One thing before I finish this for good.

I've read the books, seen the movie. It's amazing literature and the movie added a lot of stuff that gives a new dimension to the world of Panem. But I think, and with me Donald Sutherland (Snow) and I dare say a lot of others, it's not just literature. It's an enlarged version of the world today, a dystopia that is very close to our own reality. Think of it. The ridiculous Capitol version, does that not remind you of our piercings, nail polishes, our dyeing our hair, 'enhancing' ourselves with make up to look better, to hide who we truly are? The Games, sponsoring it, it that not like all those televised shows where we vote and deliberately kick others out? Cell phones, facebook and the lack of privacy... have you even noticed the last one? Do you know what happens to the information you put on the internet? Our generation has become weak minded, much like the Capitol creations. Do you remember Katnisses prep team? Octavia, Flavius... do you remember how silly they were and still sweet? That they didn't even get the picture after being hurt by D13? Connext that to our world and try to see the comparison. 

The movie added a new layer of that. Have you for example noticed the 50's style of the kids during the reaping and the uniforms of the  peacekeepers?

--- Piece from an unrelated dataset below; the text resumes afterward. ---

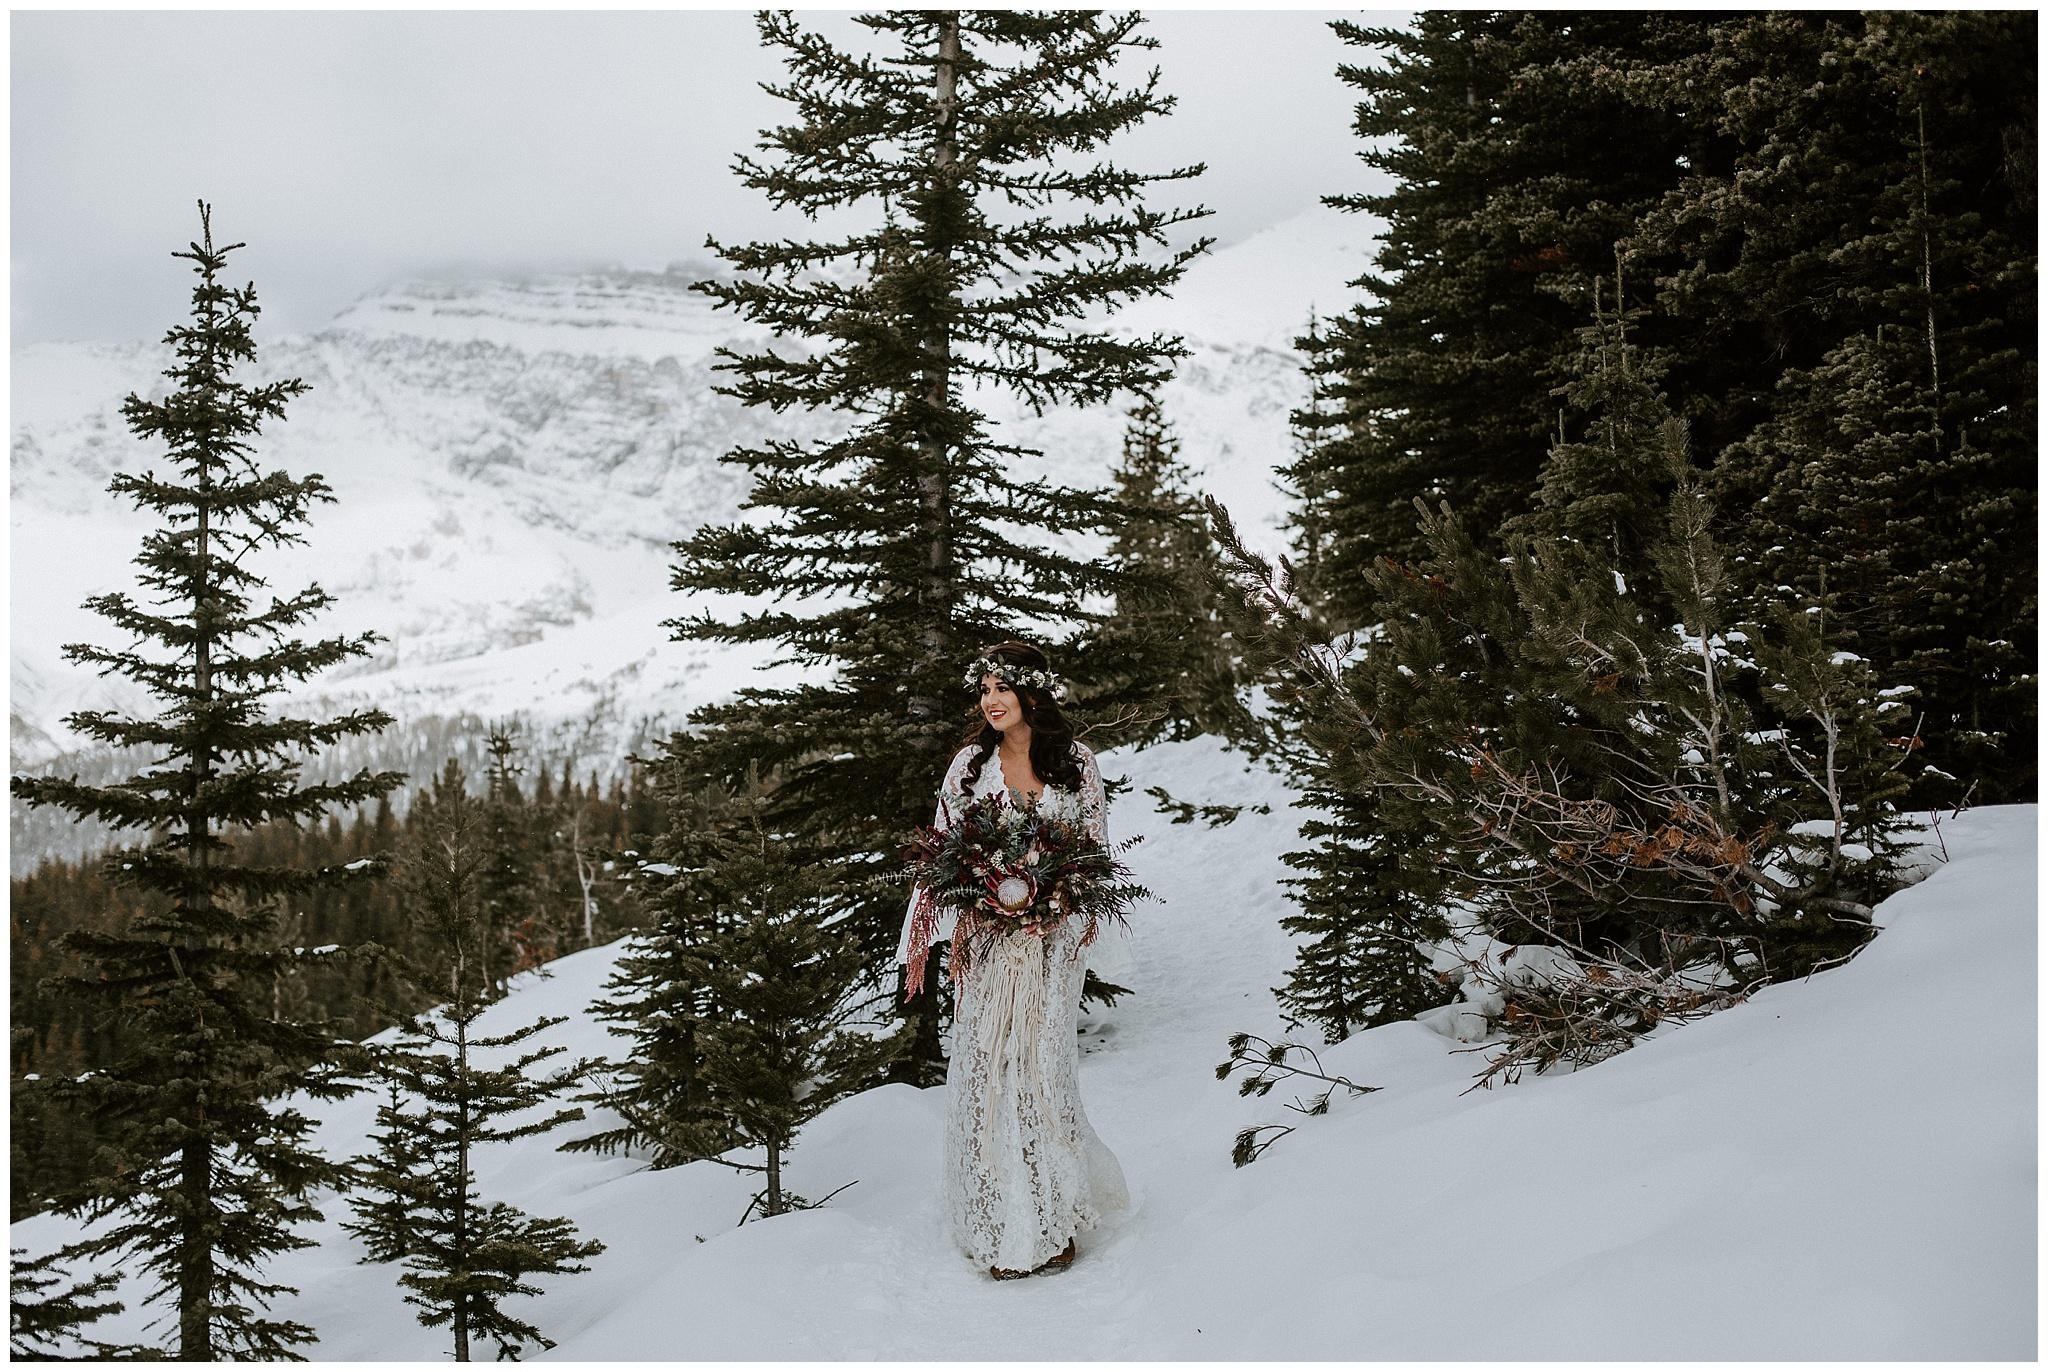 peyto-lake-wedding-photos-09.JPG

It's a reference to the 50's books like 1984 (Big Brother is watching you) and Fahrenheid 451 (burn the books, burn the knowledge, keep the people silent). Or have you seen the crown Snow places on Katnisses head? Or that sentence Cato speaks just before he dies. "I am already dead, I always was, wasn't I? ... Is that what they wanted?" 

I know whatever I typed above here does not do justice to what I feel. I need a lot more time to write down what's going on inside my mind and what going on in the world today. But these books are a lot more than just fiction. I hope all of you will consider this and maybe wake up to the world.